■ Try it
From the entries below, copy each line in which the word "London" occurs.

Dataset entries
= Beginning of Section =

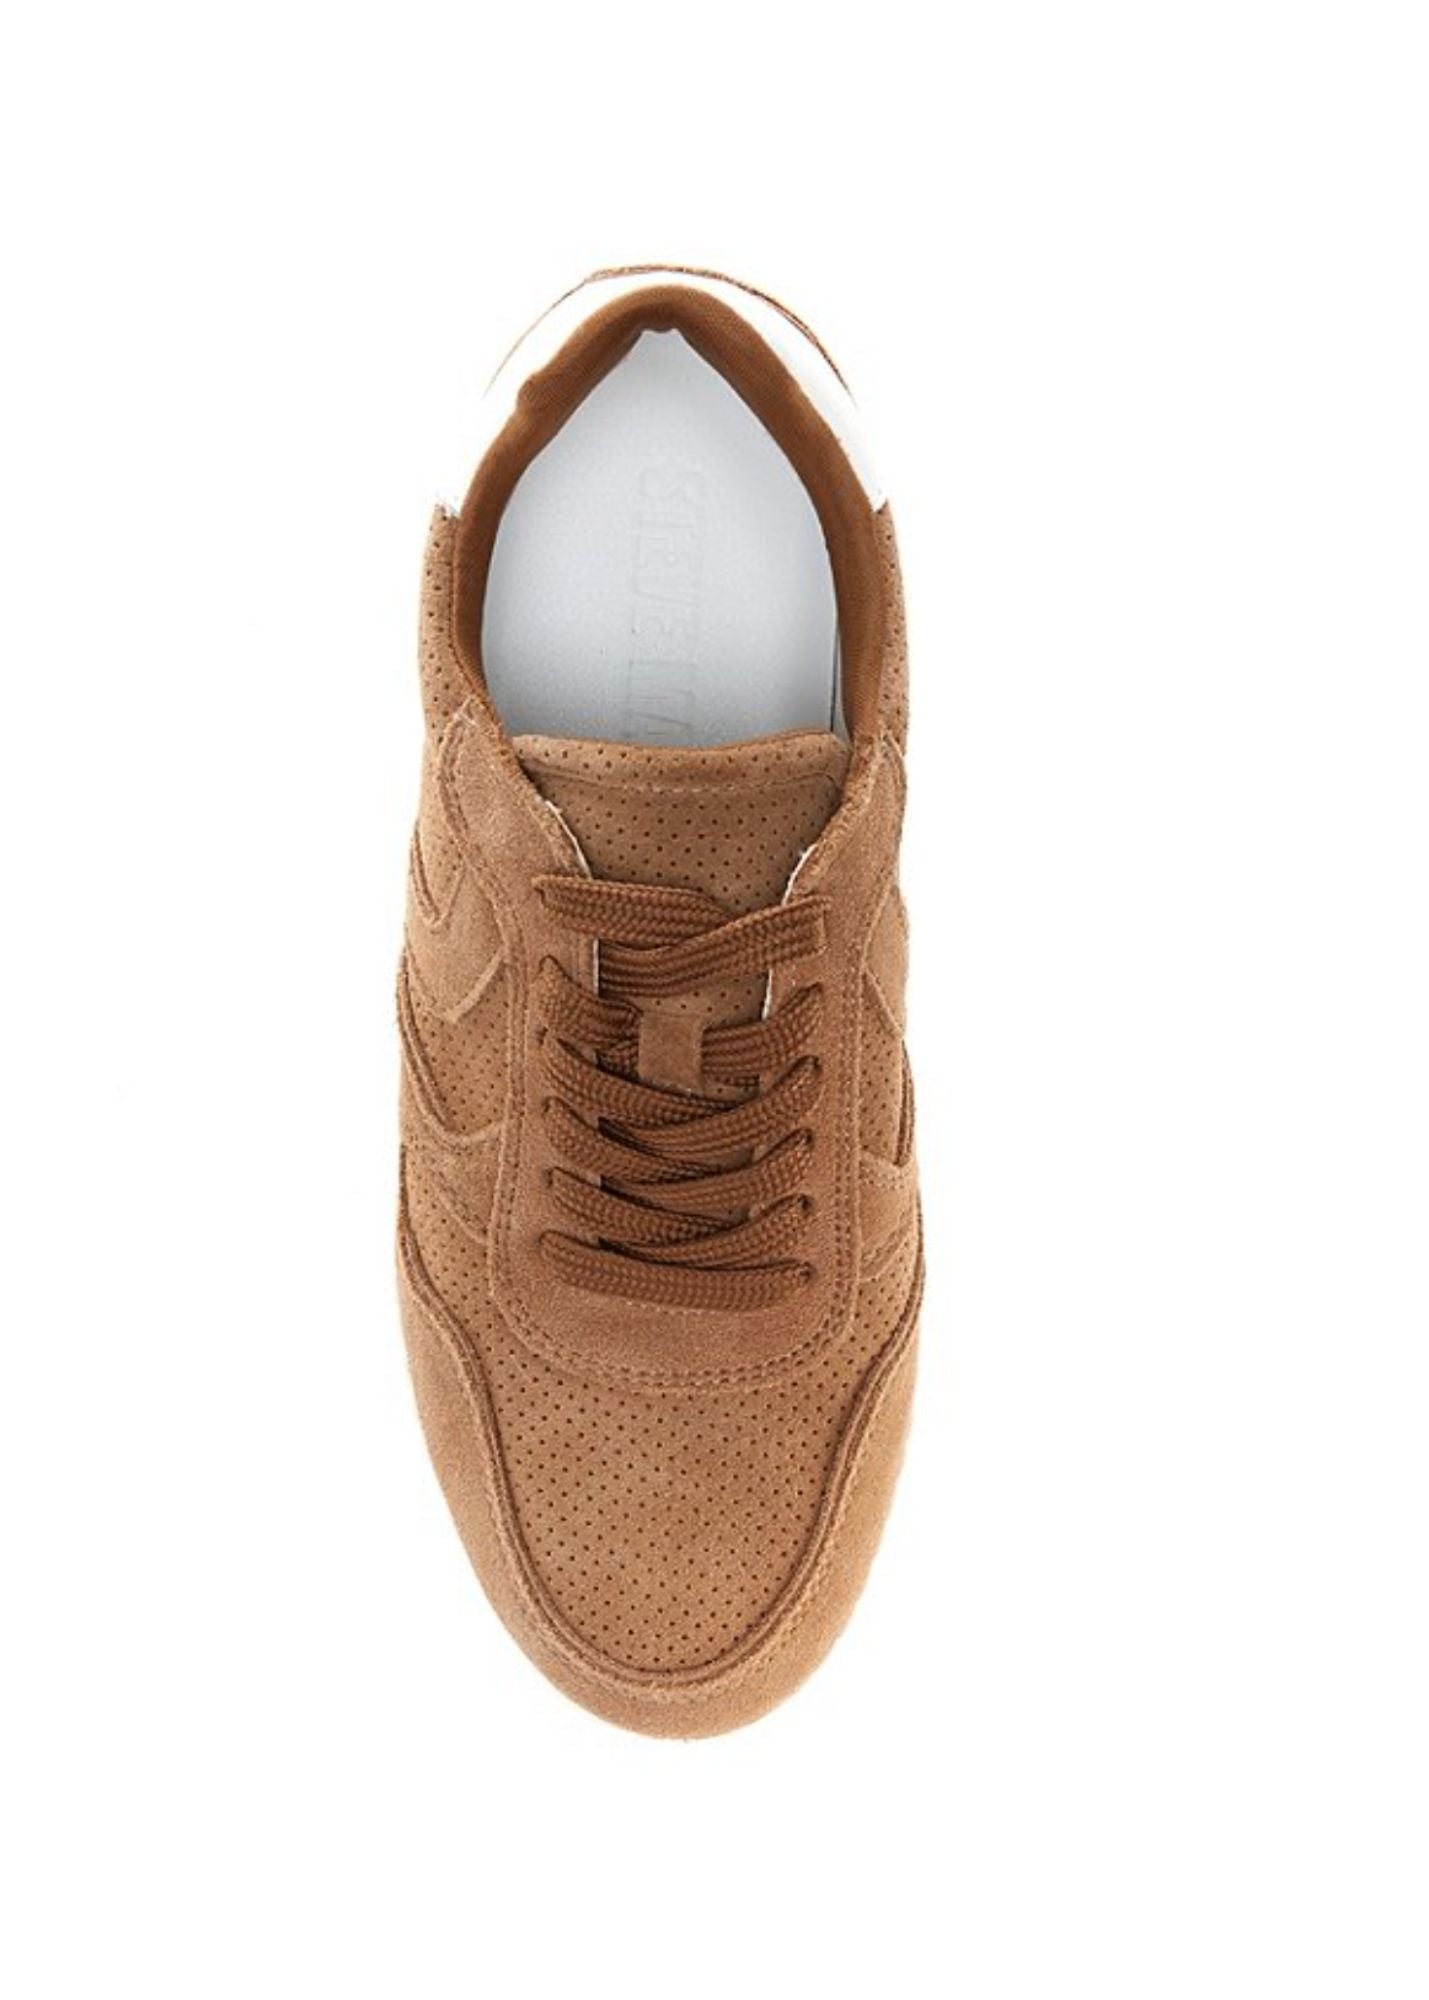 Steve Madden Shereen Suede Sneakers Shoes
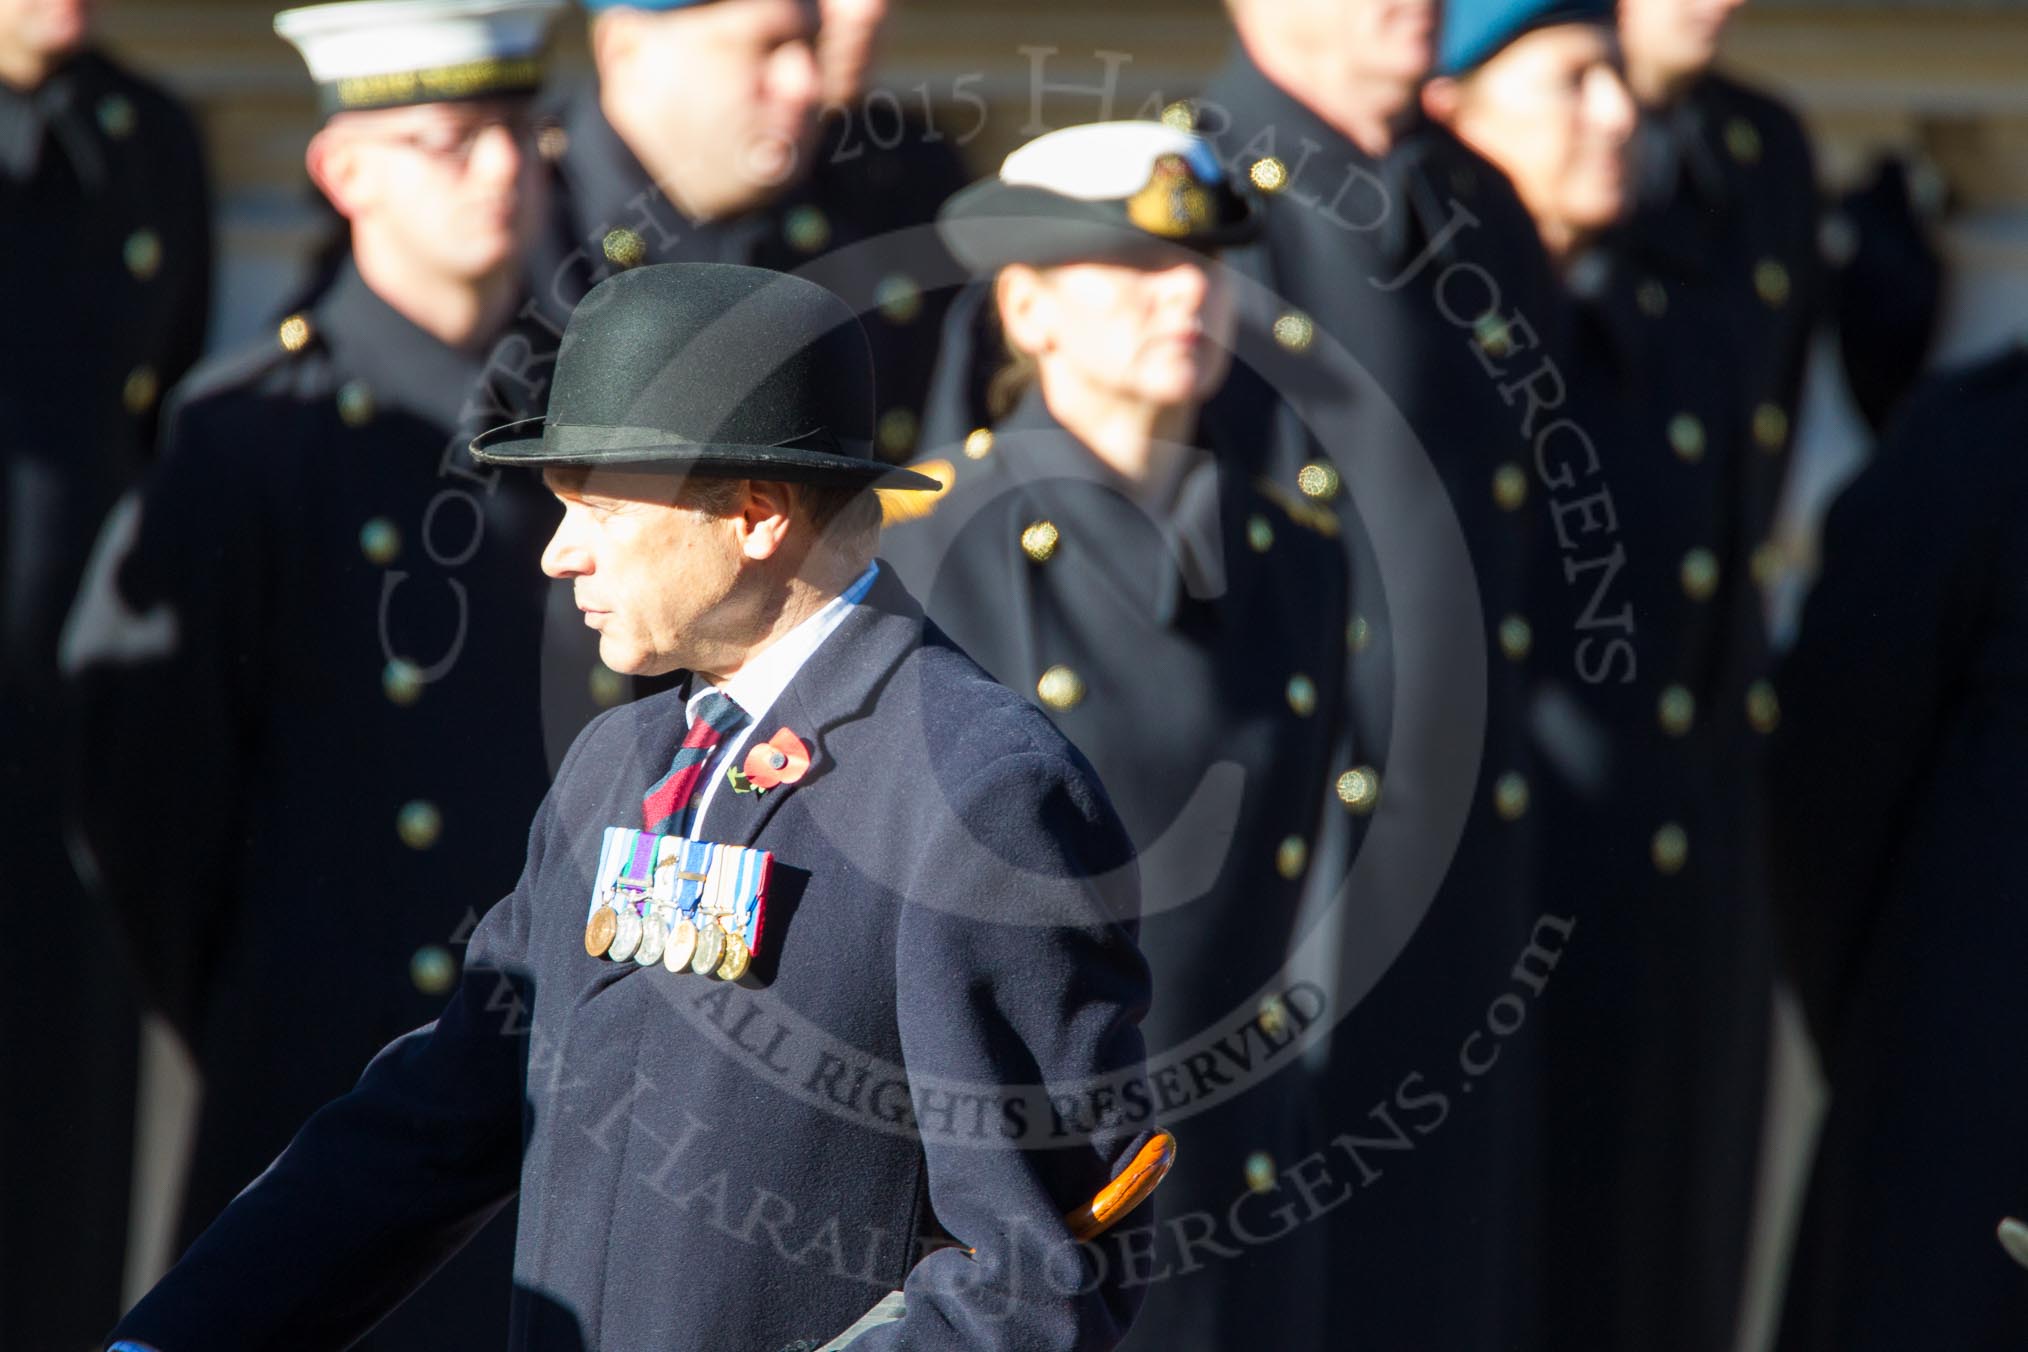 Remembrance Sunday Cenotaph March Past 2013: D32 - Gold Star and Garter with 48 marchers..
Press stand opposite the Foreign Office building, Whitehall, London SW1,
London,
Greater London,
United Kingdom,
on 10 November 2013 at 11:43, image #301
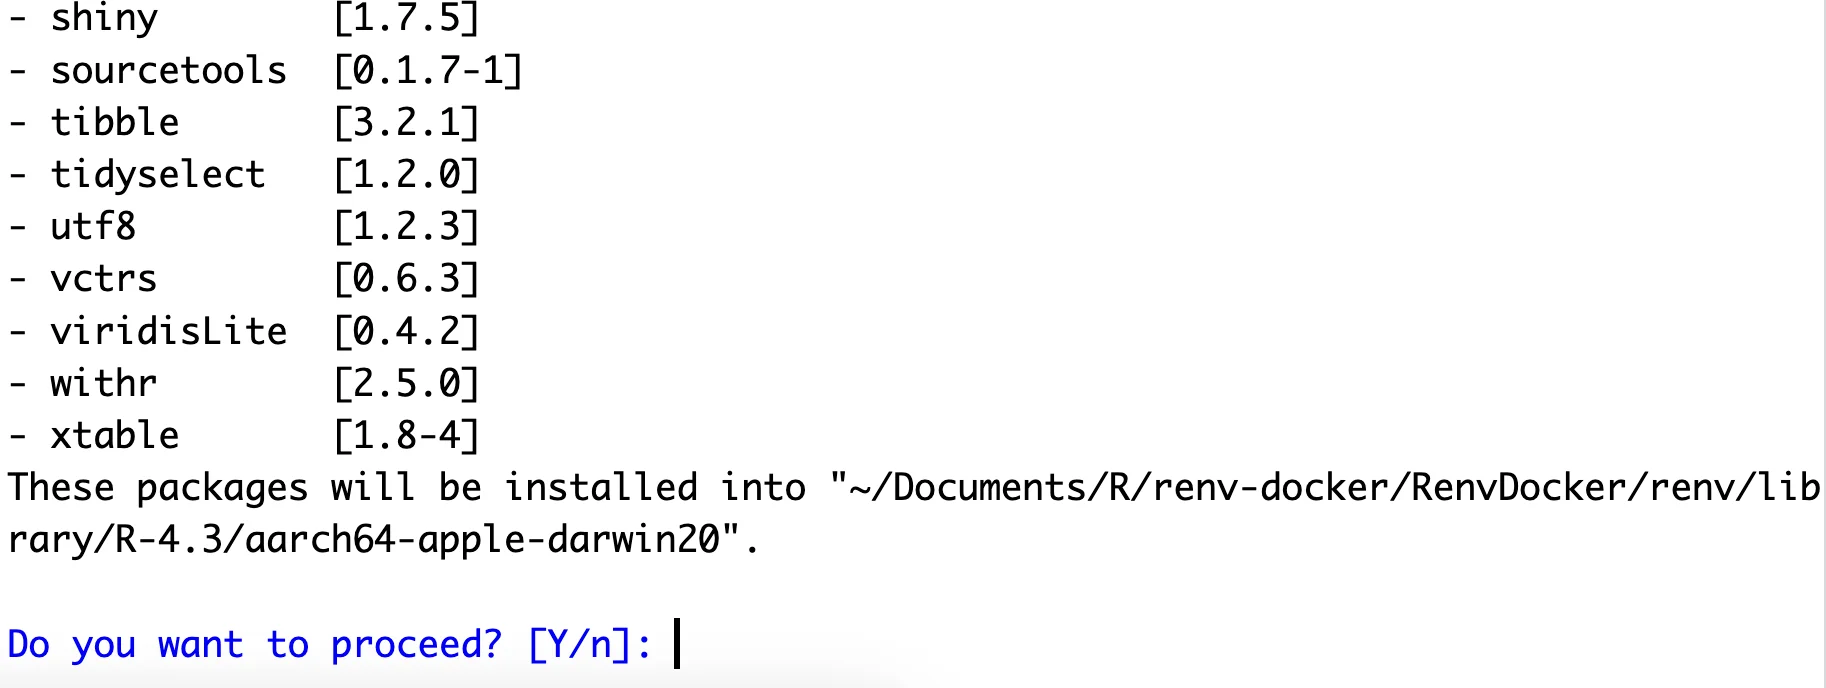 Image 5 - Confirming the installation in a renv folder
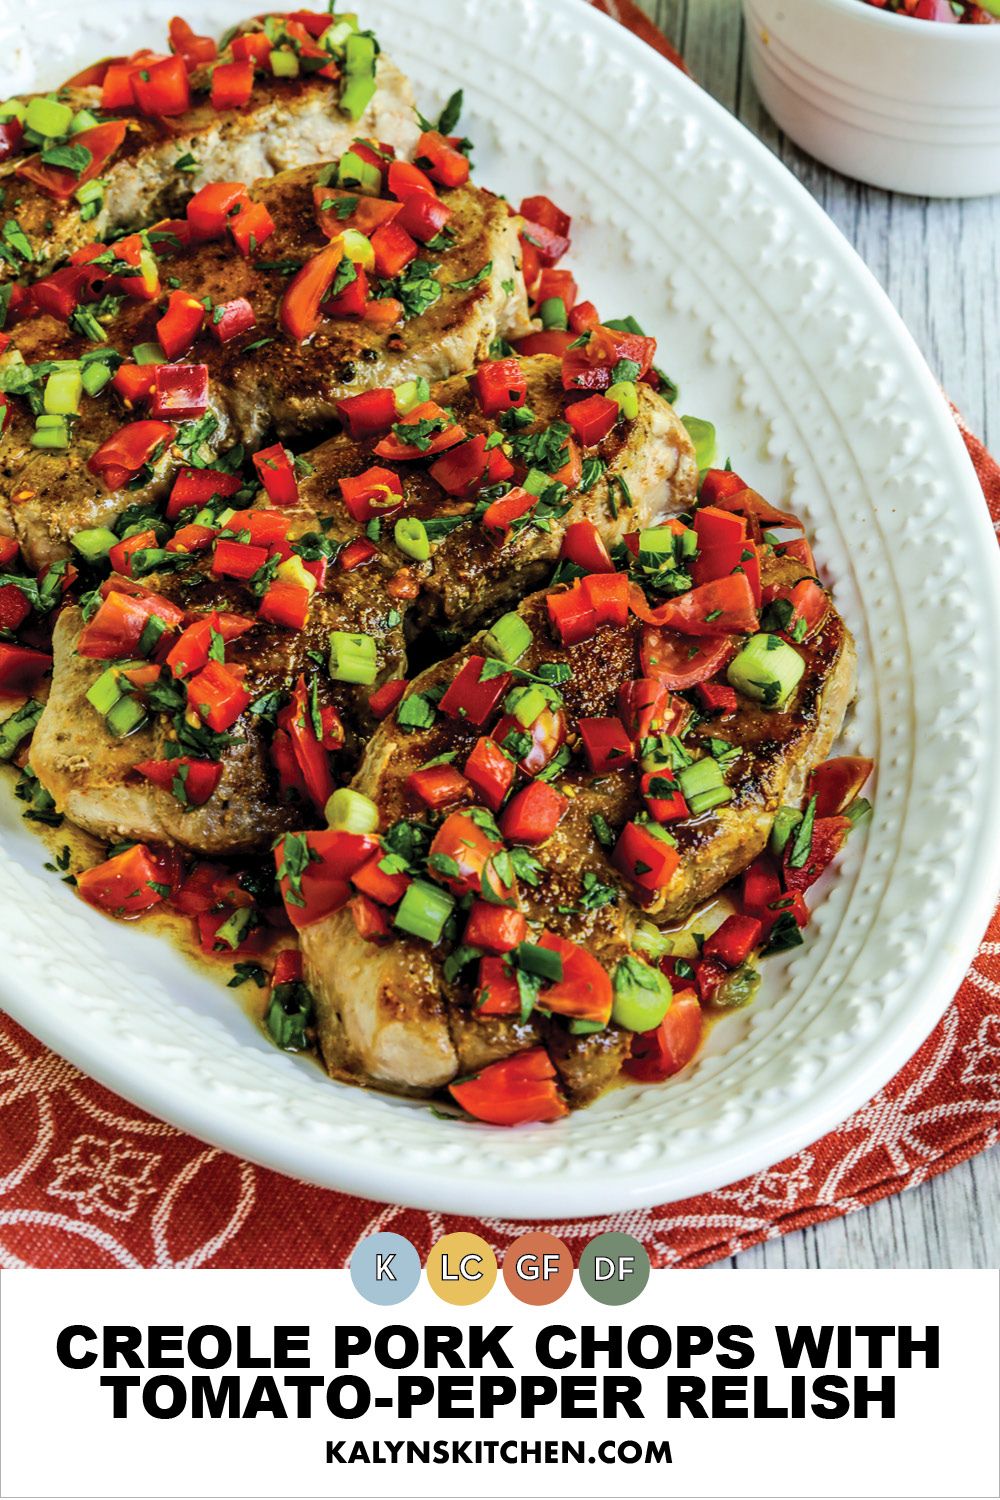 A Pinterest image of a Creole pork chop with tomato and pepper relish, with pork on a serving plate.

= End of Section =

■ Response to the exercise
Press stand opposite the Foreign Office building, Whitehall, London SW1,
London,
Greater London,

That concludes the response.